* [Instructions for the task]: The listing below must be returned in full and unchanged, without the images it carries.

[Opening Data shown section]

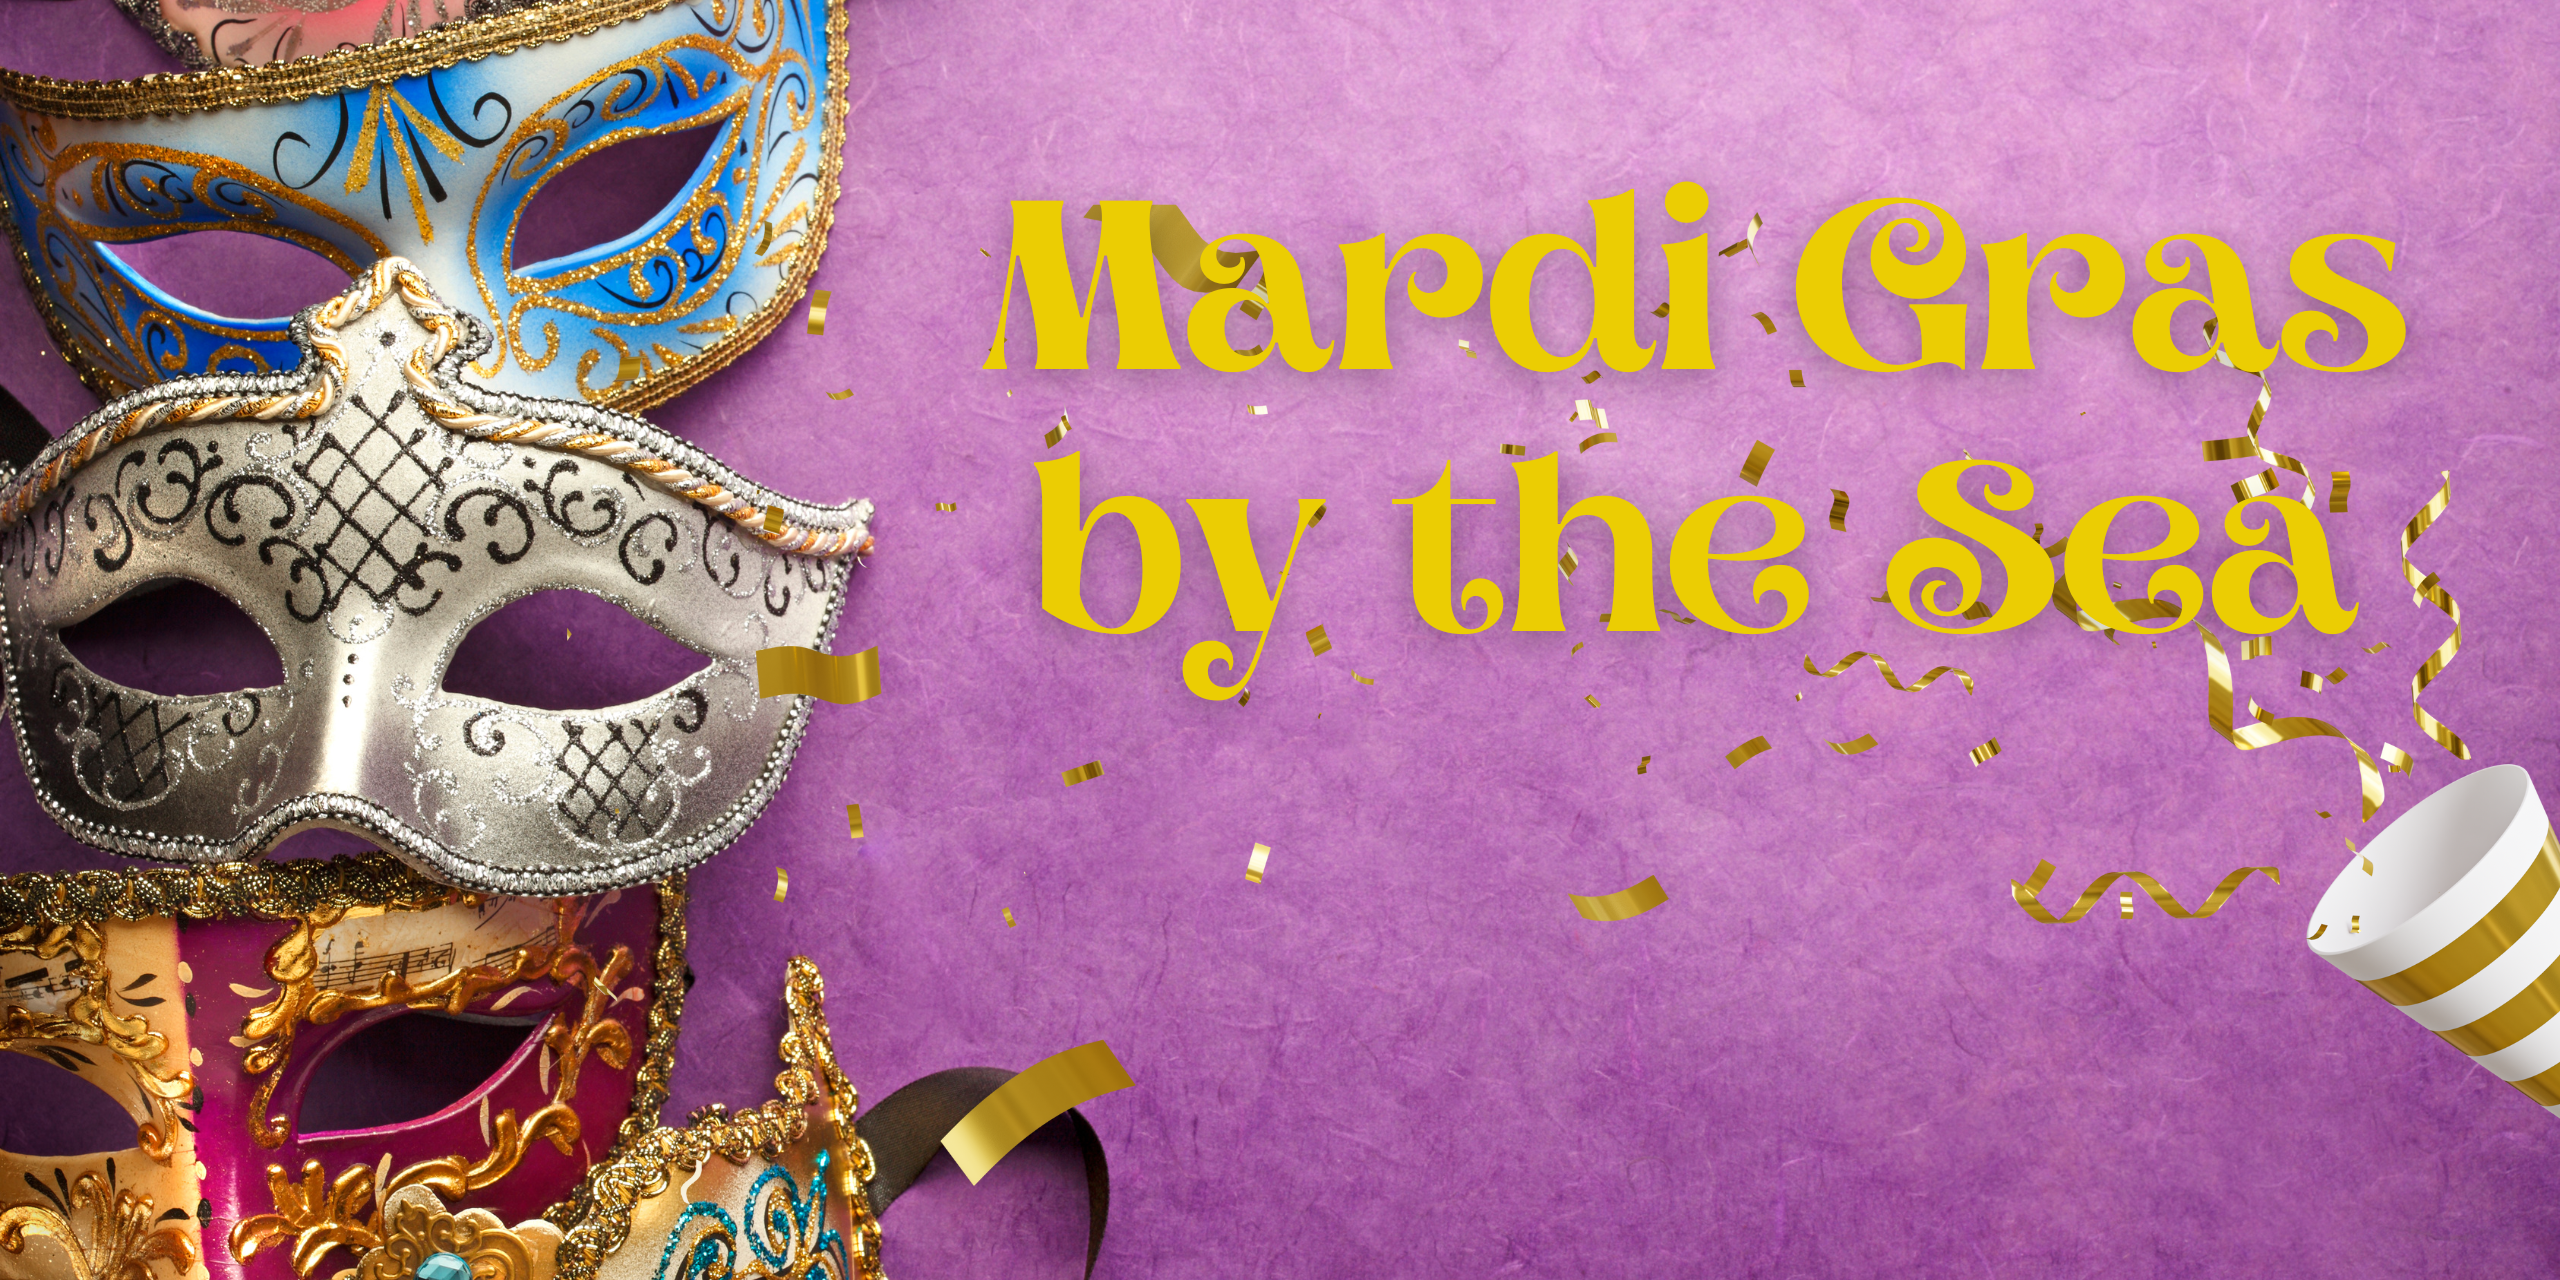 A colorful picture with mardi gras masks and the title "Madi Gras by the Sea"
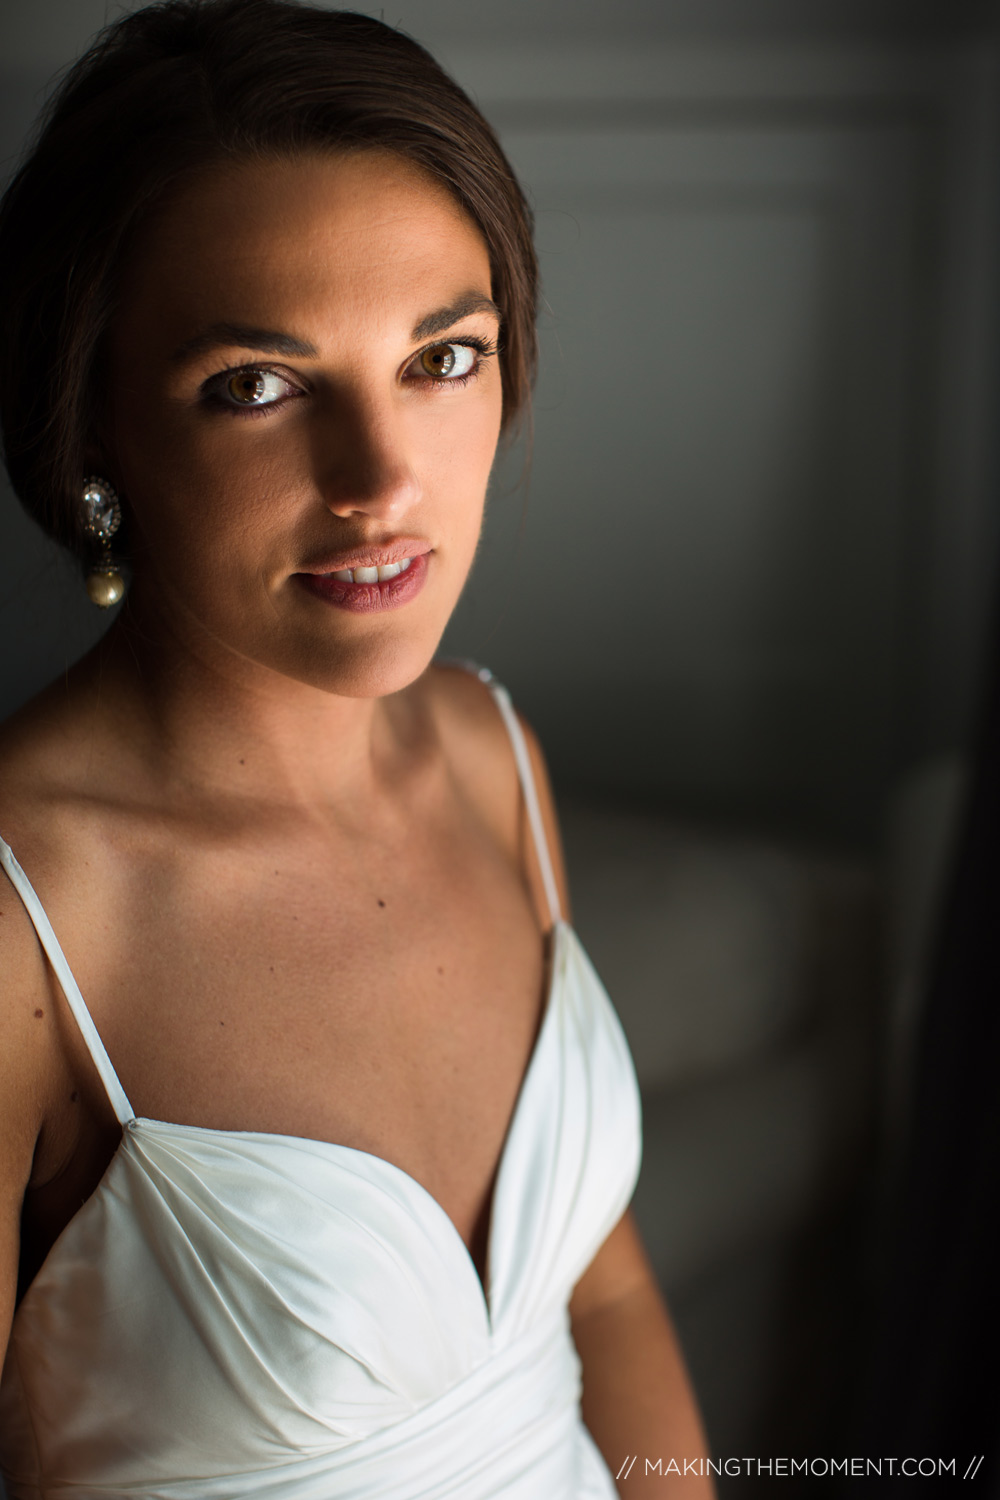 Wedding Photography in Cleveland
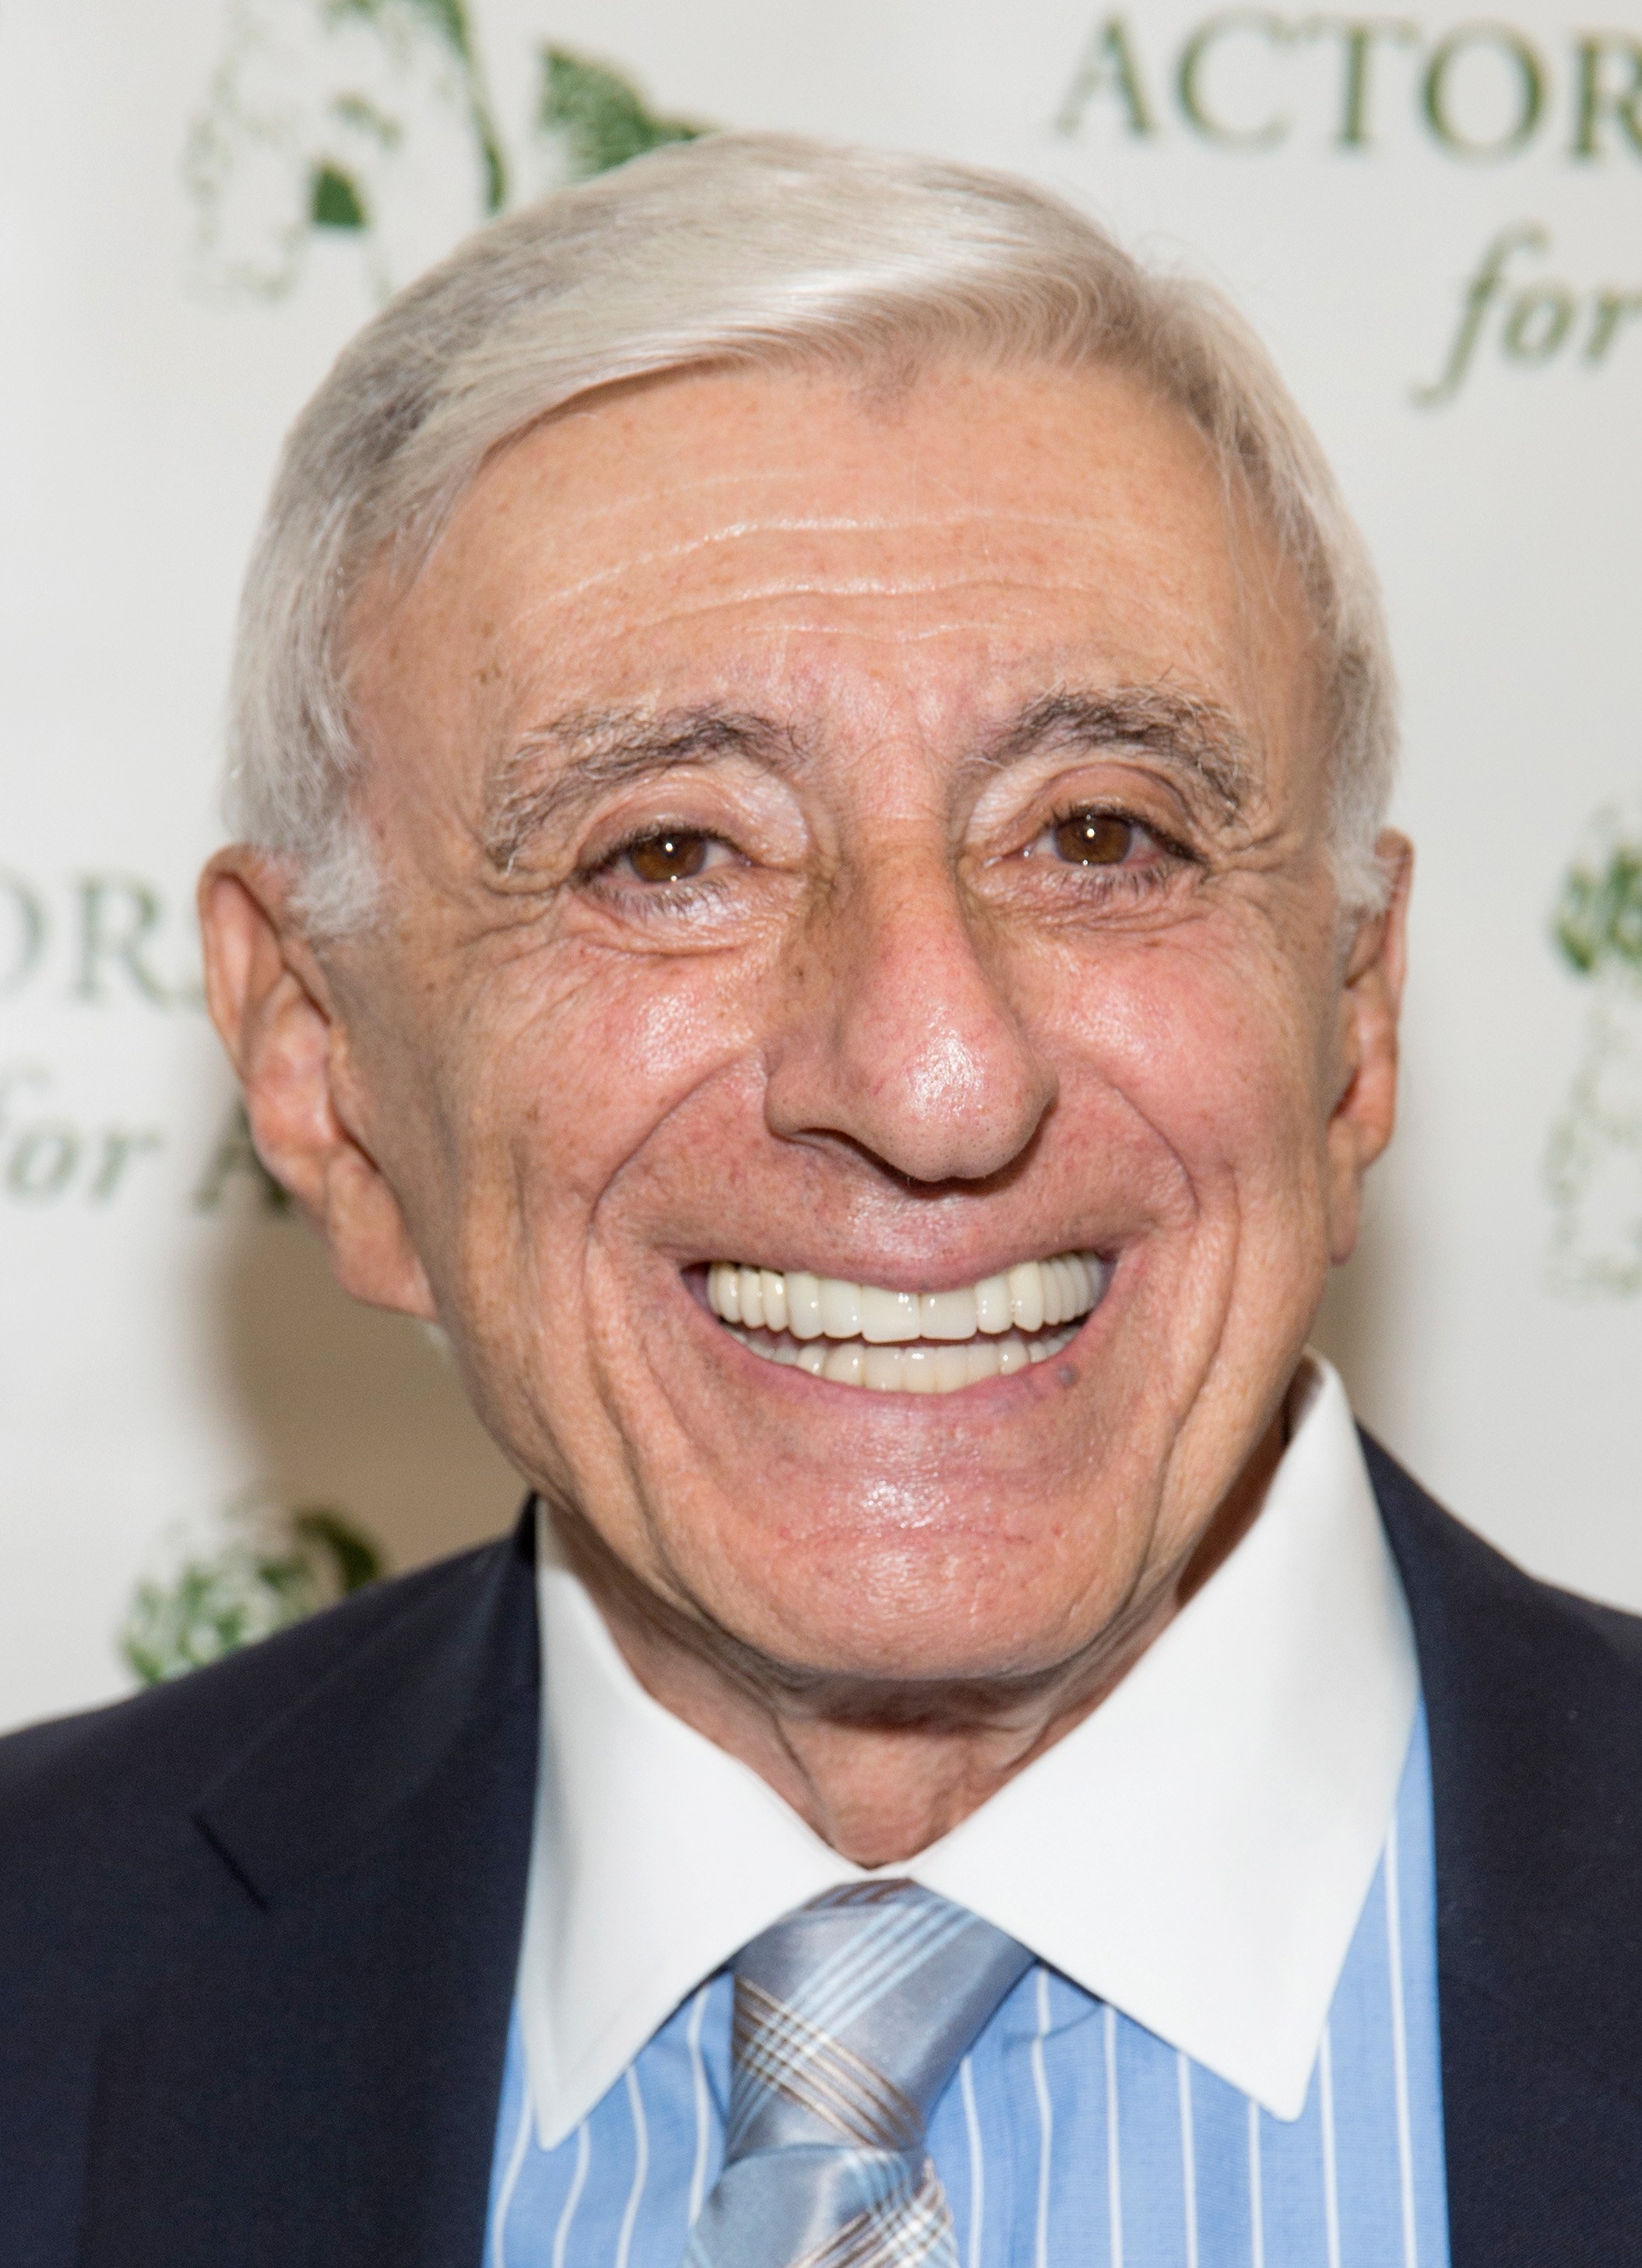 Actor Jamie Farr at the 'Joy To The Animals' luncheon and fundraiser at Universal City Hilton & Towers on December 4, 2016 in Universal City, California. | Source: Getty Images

[Closing Data shown section]

* [Exercise response]:
 A colorful picture with mardi gras masks and the title "Madi Gras by the Sea"
 Wedding Photography in Cleveland
 Actor Jamie Farr at the 'Joy To The Animals' luncheon and fundraiser at Universal City Hilton & Towers on December 4, 2016 in Universal City, California. | Source: Getty Images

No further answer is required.